Boss Level is a 2020 American science fiction action film directed by Joe Carnahan and written by Carnahan, Chris Borey, and Eddie Borey, from a story by the Boreys. It stars Frank Grillo as a retired special forces soldier who tries to escape a never-ending time loop that results in his death. Mel Gibson, Annabelle Wallis, Naomi Watts, and Michelle Yeoh co-star.

Originally announced in 2012 as Continue, it was developed by Carnahan at 20th Century Fox but did not move forward and sat in development hell. It was resuscitated in November 2017, with Carnahan, Grillo, Lorenzo di Bonaventura, and Mark Vahradian producing, and Randall Emmett and George Furla producing and financing. Filming took place in Georgia from March to May 2018.

It was acquired for theatrical release by Entertainment Studios Motion Pictures on August 16, 2018, but dropped by the distributor.

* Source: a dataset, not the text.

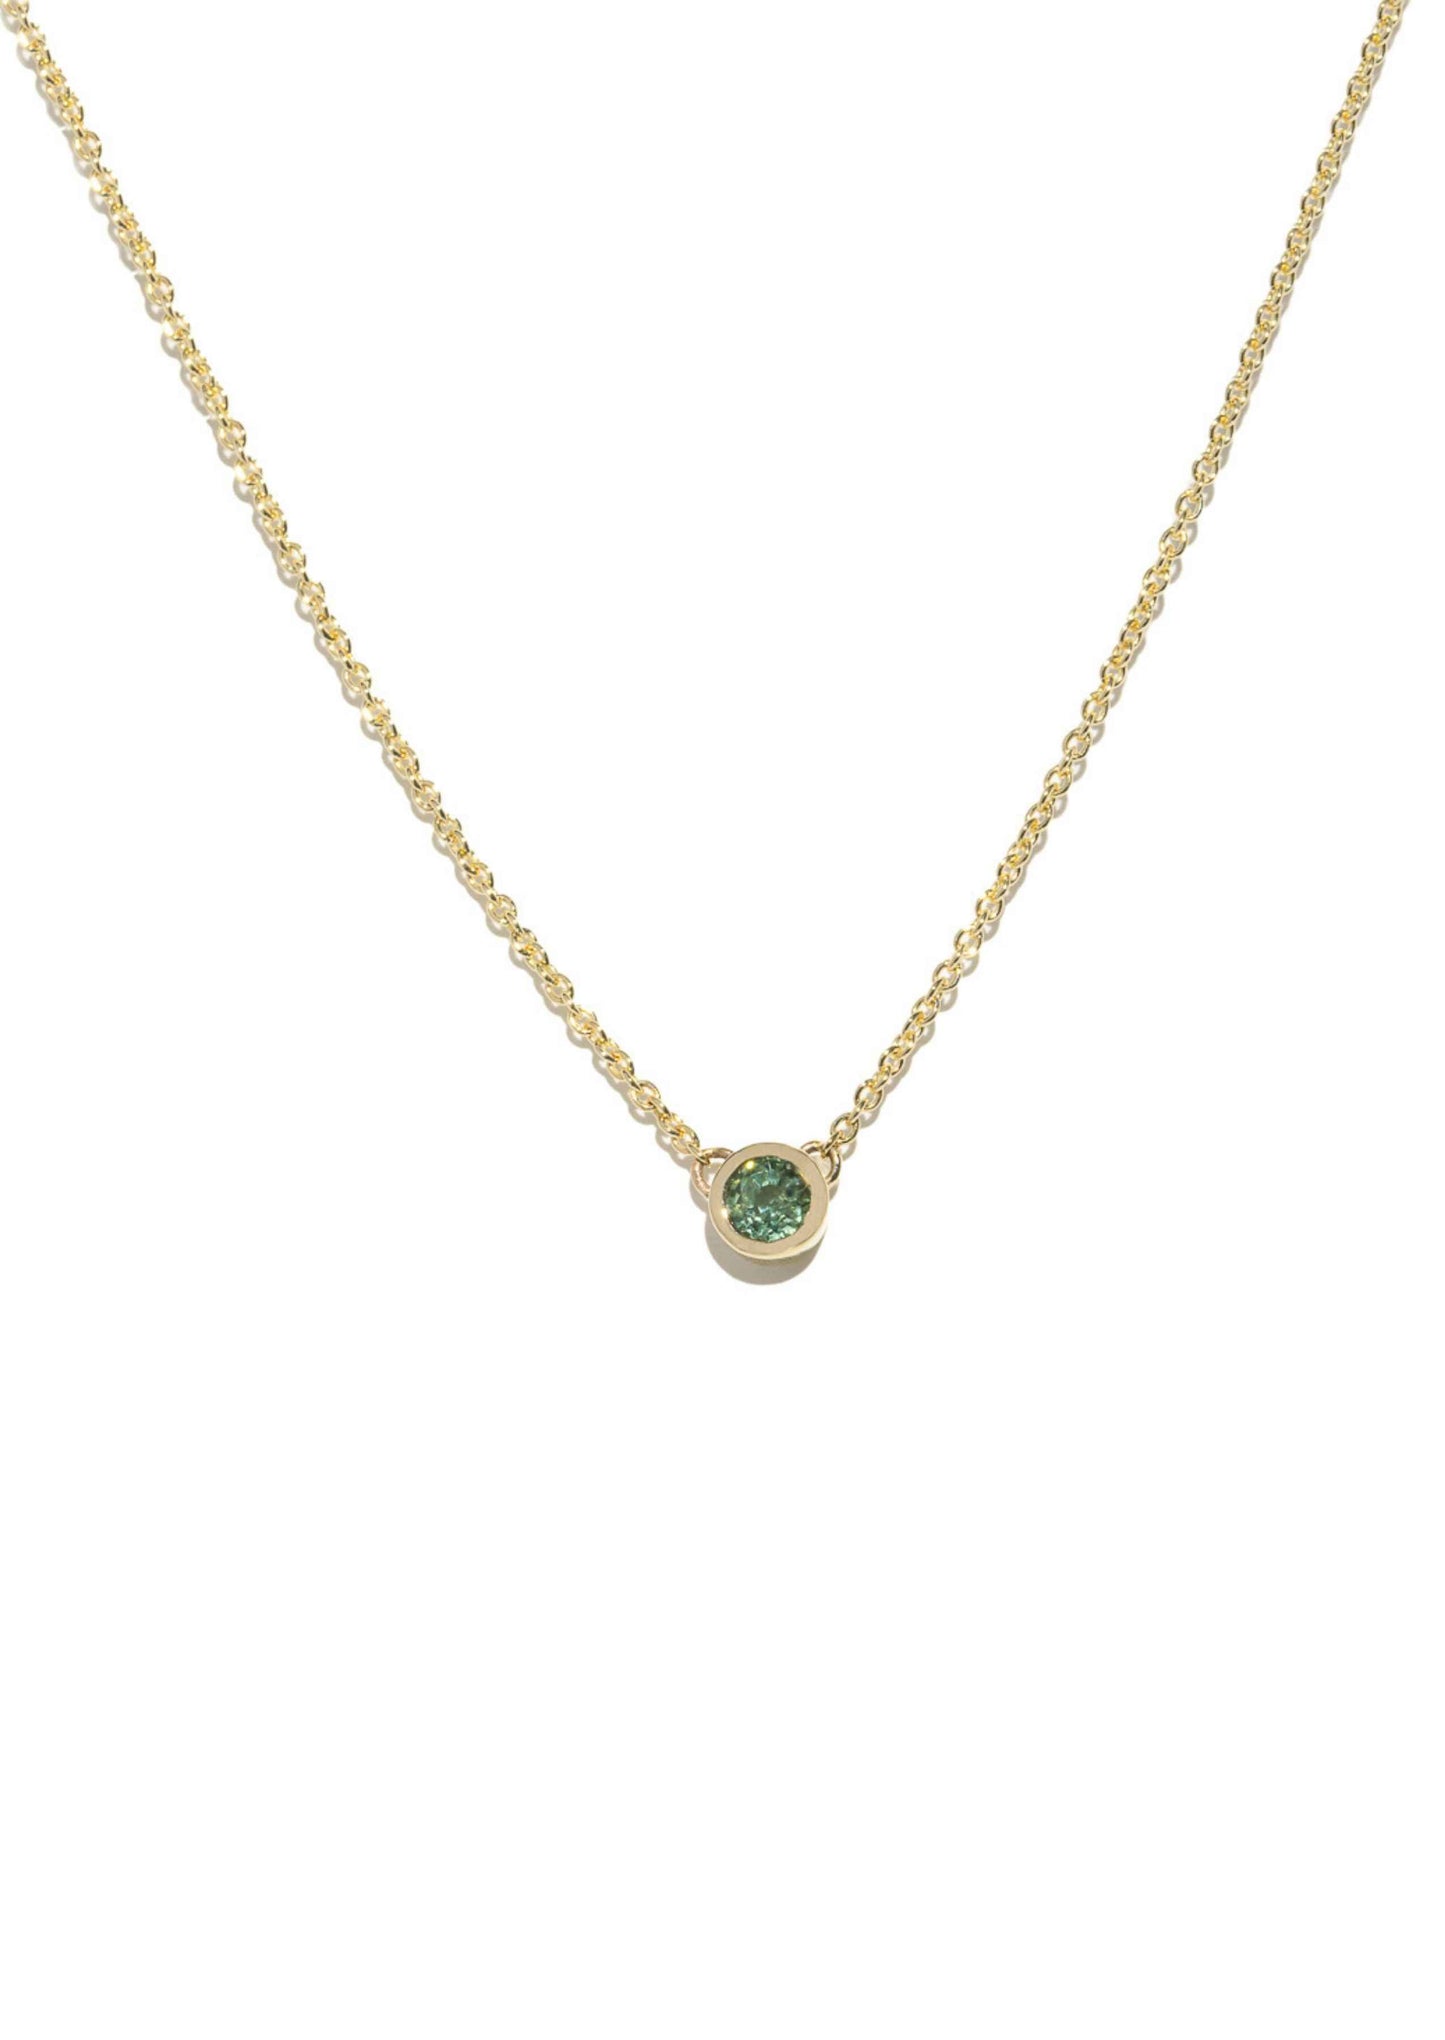 The Arda Parti Sapphire Pendant Necklace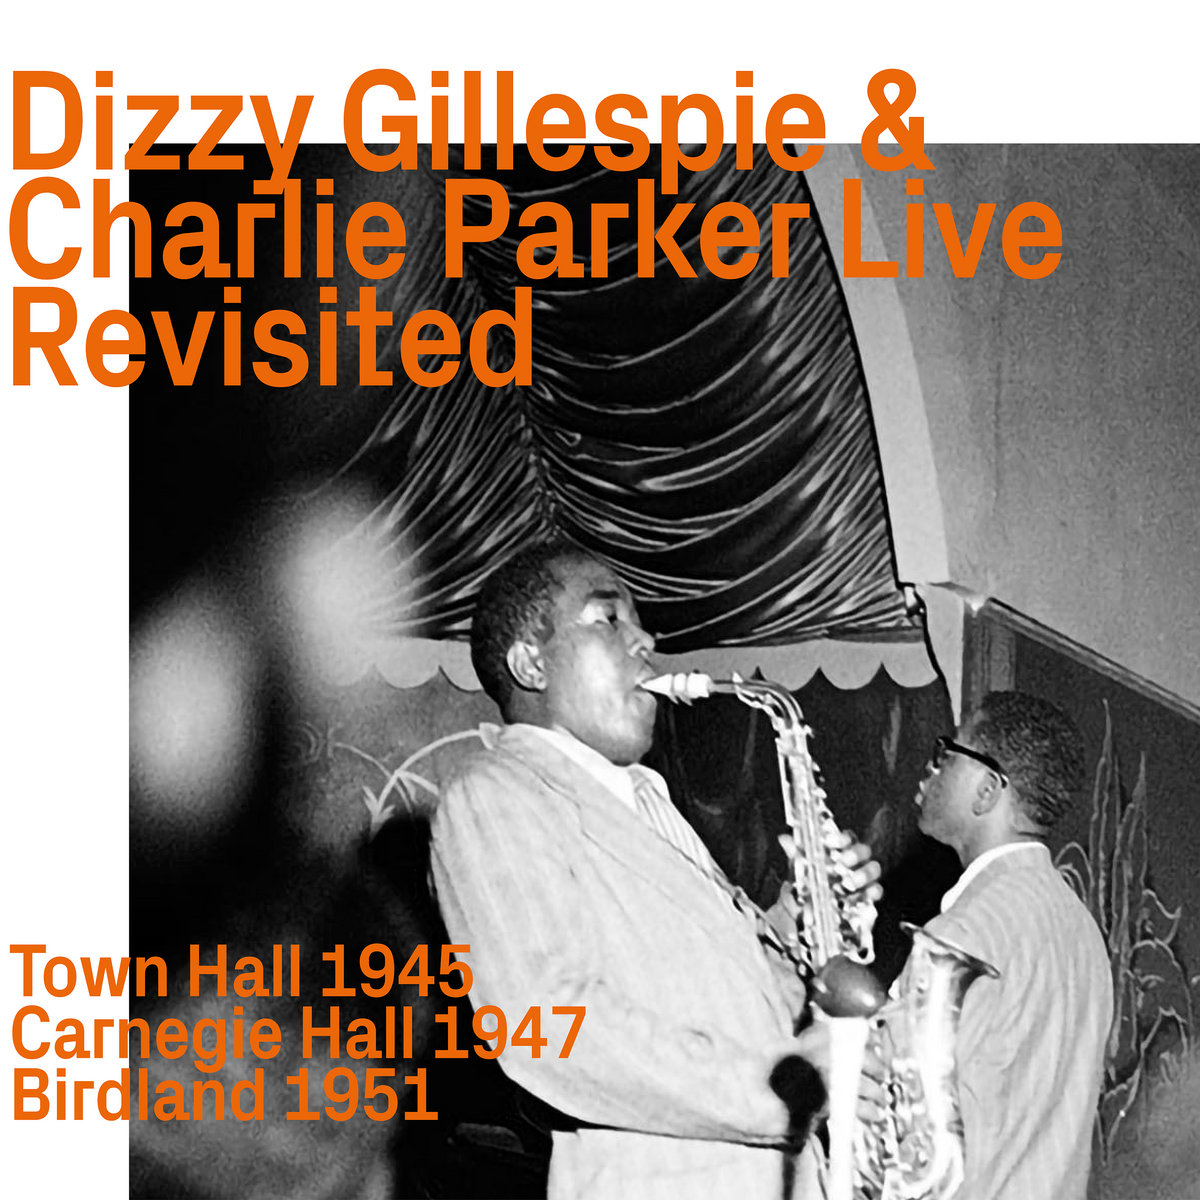 Dizzy Gillespie & Charlie Parker, Live Revisited

The film was eventually released in the United States on March 5, 2021 direct to streaming on Hulu.

==Plot==

Roy Pulver, a retired Delta Force soldier in Atlanta, has been stuck in a time loop for nearly 140 days and has learned the day's patterns through many previous loops. He wakes at 07:00 AM each day, avoids an assassin in his apartment and an attack by a gunman in a helicopter outside his window, then escapes his apartment before it explodes. He has been able to elude more assassins throughout the morning, but finds himself unable to figure out how to survive a final attack at 12:47 PM, waking up back in his apartment on the next loop.

On the day before Roy entered the loop, his estranged wife Jemma had asked Roy to visit her at defense contractor Dynow Labs under the pretense of a job interview. The two argue over Joe, their son, whom Jemma has led to believe that Roy is just a family friend. When Colonel Clive Ventor, head of Dynow, discovers Roy near Jemma's highly classified project, he has him escorted out, but not before Jemma obtains a sample of Roy's hair.

In one loop, Roy tries to call Jemma but instead reaches Ventor, who tells him that Jemma died from a lab accident the day before. Roy becomes suspicious. On a later loop, he finds Joe at Underground Atlanta, skipping school for a video game tournament. Roy spends the day with Joe but does not mention Jemma's death. The assassins arrive to kill Roy - who uses his body to protect Joe - telling him, as he dies, that he is his father.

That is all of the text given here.